Hey ‘American Crime,’ why so serious?

When “American Crime” debuted a year ago, I was as impressed by creator John Ridley's ambition in what he was trying to accomplish with the anthology miniseries' first season as I was skeptical about his ability to execute certain aspects of his vision. Still, there was enough there to admire – committed performances (by Timothy Hutton, Felicity Huffman, Regina King, W. Earl Brown, and more), gorgeous direction and cinematography, a willingness to incorporate difficult social issues into a network drama – that I expected to see it through to the end.

But admiring something and enjoying it are two different things, and after watching one episode past the initial batch that ABC had made available to critics before the season, I kept letting “American Crime” slide further and further down my to-do list, even during (relatively) slower periods later in the year.
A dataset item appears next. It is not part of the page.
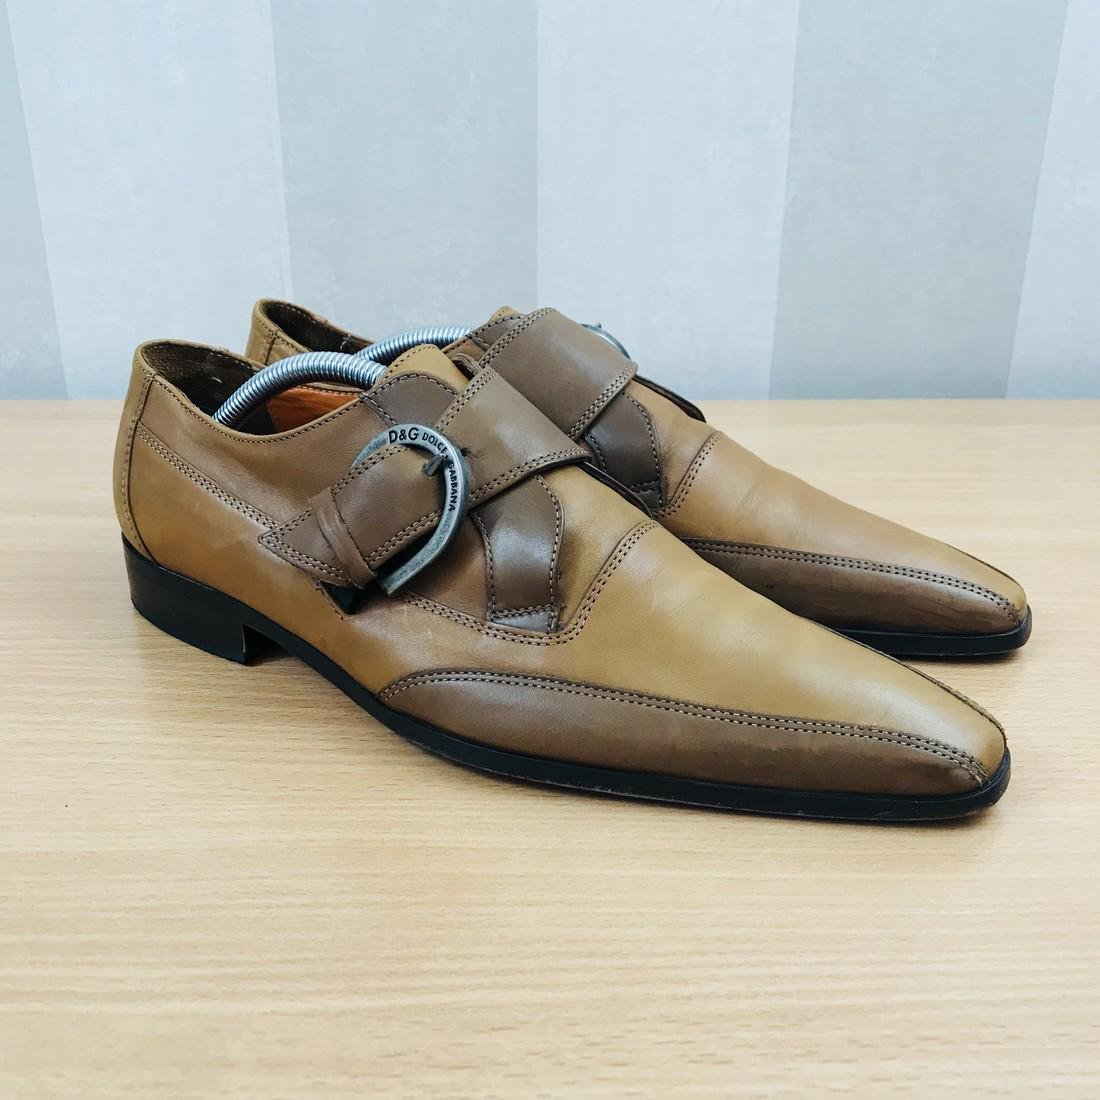 Dolce & Gabbana – Leather Shoes Size EUR 42 UK 8.5 US 9 - 2

The thought of returning to it felt like homework, and when there were so many other dramas just as high-minded, but more genuinely entertaining week to week, it became an easy one to put aside.

One of the advantages of the anthology mini format, though, is that you can jump into a new season without having finished the old one. I watched the first four hours of “American Crime” season 2 (it debuts tonight at 10), curious to see what kind of story Ridley aimed to tell this time, what sorts of roles he might use returning actors like Hutton, Hoffman, and King in, and whether he modulated any of the things that most put me off of the first go-around.

Ultimately, though, the experience was the same: I found the new season absorbing in fits and starts, but ultimately so didactic and, especially, humorless that I'm probably comfortable leaving the story – and the series – here.

The new story revolves around an accusation of rape against a basketball player, and possibly players, at an elite private school, with the scope constantly shifting and evolving as new information comes to light. In the new version, Huffman is a school administrator, Hutton the basketball coach (and Hope Davis his wife), King the wealthy and powerful mother of one of the players (and Andre Benjamin her husband), while fellow season 1 returnees Lili Taylor and Elvis Nolasco play, respectively, a working-class single mom whose son attends the school on scholarship, and a teacher at a nearby public high school frustrated by the resources he has versus what some of the parents have dubbed the “segregation academy” that Huffman runs.

So once again there are issues of race and class coming to a quick boil, but now with teen sexuality, sexual identity and other topics thrown in. And Ridley has done interesting things in terms of how he's recast the returning actors, so that at first glimpse they appear to be doing 180-degree turns from the previous role – say, Huffman as a polished spokeswoman for the elite, rather than the bitter woman telling tales of life in public housing – before unexpected commonalities appear. It's not spoiling much, for instance, to say that Huffman's character once again becomes one of the most unpleasant characters on television in short order, just in a more presentable package. The school setting also creates more connectivity between the characters, who are linked even before the rape accusations go public.

Still, the series is relentlessly grim in a way that seems better suited to the short-term commitment of a movie than to devoting 10 hours (whether all at once or over many weeks) to watching a season of TV. (And it's so clinically detached that the darkness of it all doesn't even feel cathartic.) And Ridley, who won an Oscar for his “12 Years a Slave” script, has turned out to be a much stronger director than writer, not only getting bracing and committed performances from his talented actors, but showing a real eye for how to convey certain themes visually, in a manner that's more effective than some of the blunt-force dialogue. (To make sure we understand the skewed sexual attitudes of the teen characters, for instance, we get one of the boys admiring a photo of a girl and declaring, “I so wanna rape that!”)

Once again, “American Crime” is a show that's beautiful to look at, uses a superb cast well, and doesn't flinch from confronting difficult issues. I applaud its continued existence, especially on a broadcast network like ABC. I'm just okay not watching any more of it.